Mississippi isn’t the first state to consider this. Missouri passed the first such labeling law last year, and it was challenged in court by groups including the Good Food Institute and the American Civil Liberties Union, which argued that such a “content-based, overbroad, and vague” restriction on the language companies could use to describe their products was unconstitutional. The lawsuit is now in settlement talks.
Dozens of other states have considered similar laws since then. The laws are popular with farmers and ranchers, who see their business model threatened by the rising popularity of plant-based meat.

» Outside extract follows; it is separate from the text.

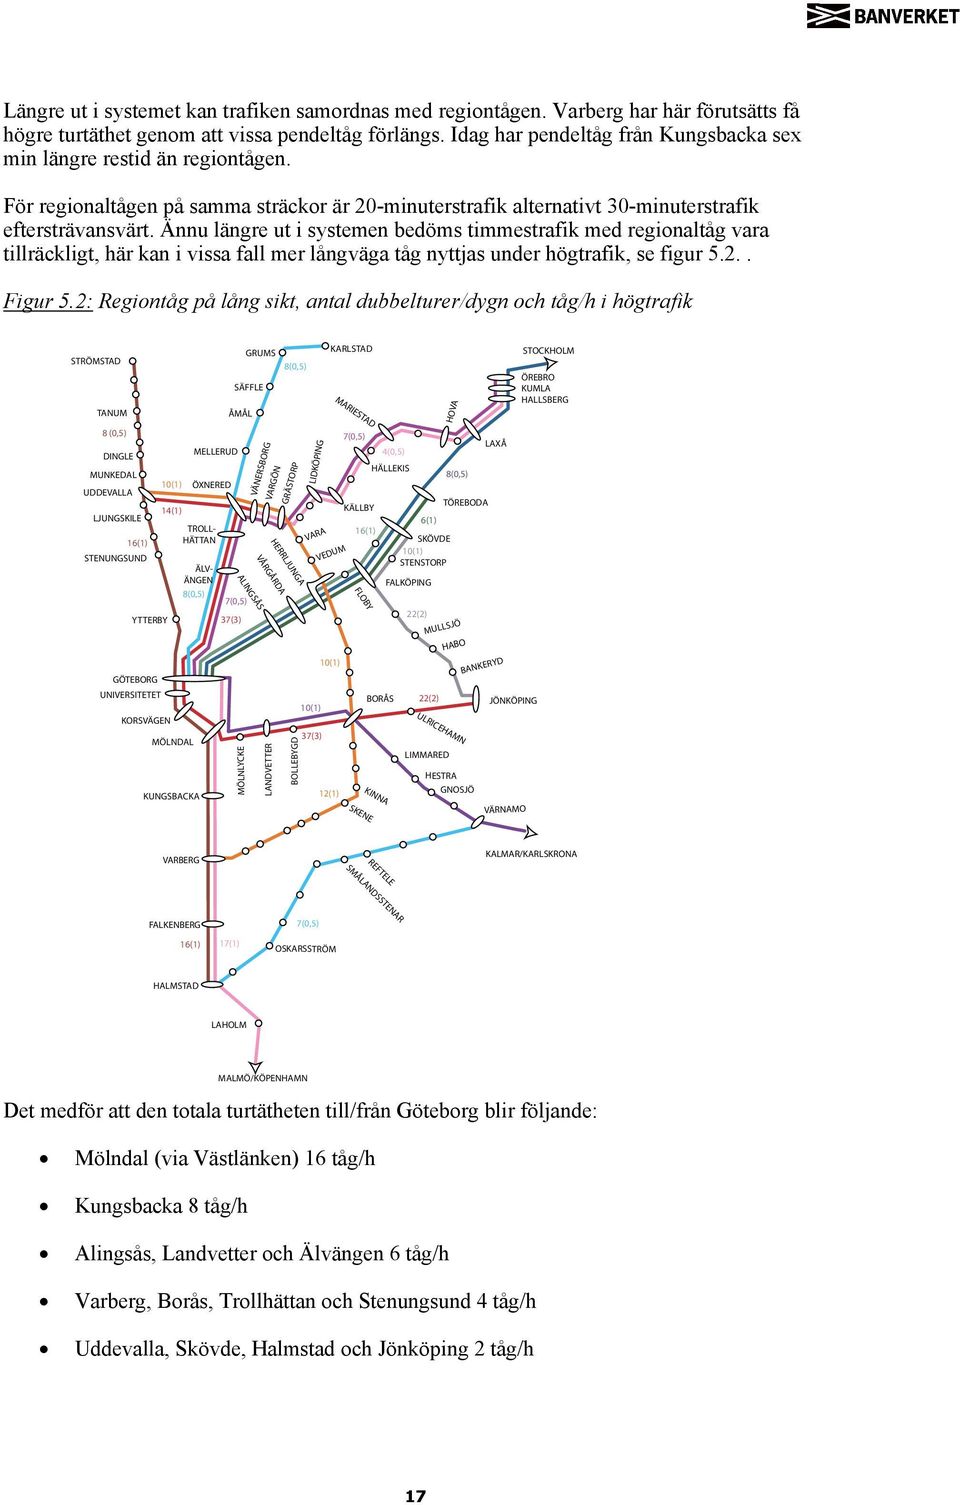 Ännu längre ut i systemen bedöms timmestrafik med regionaltåg vara tillräckligt, Regionaltåg här kan på lång i vissa sikt fall mer långväga tåg nyttjas under högtrafik, se figur 5.2.

Expect this to go to the courts in a losing battle while the Trump FDA issues new "labeling guidelines" that make Mississippi's law a national one, and soon. The rancher and meat processing lobby wants plant burgers and lab-grown meat to go away now, because if Millennials and Gen Z get hooked on Impossible Whoppers from Burger King now, they know they're done in an increasingly greening and sustainable world.
It doesn't have the Tesla problem either, plant burgers are actually cheaper in some places because hey, Trump's stupid trade war and climate change and family farms tanking has made beef pretty pricey these days, it's $4-$5 a pound here in the Cincy area for ground beef and well more than that for steak. Plant-based products are cheaper.
So yes, I definitely see Trump's FDA moving to hamstring plant burgers like this, and if they don't, GOP legislatures will be lobbyed until they do.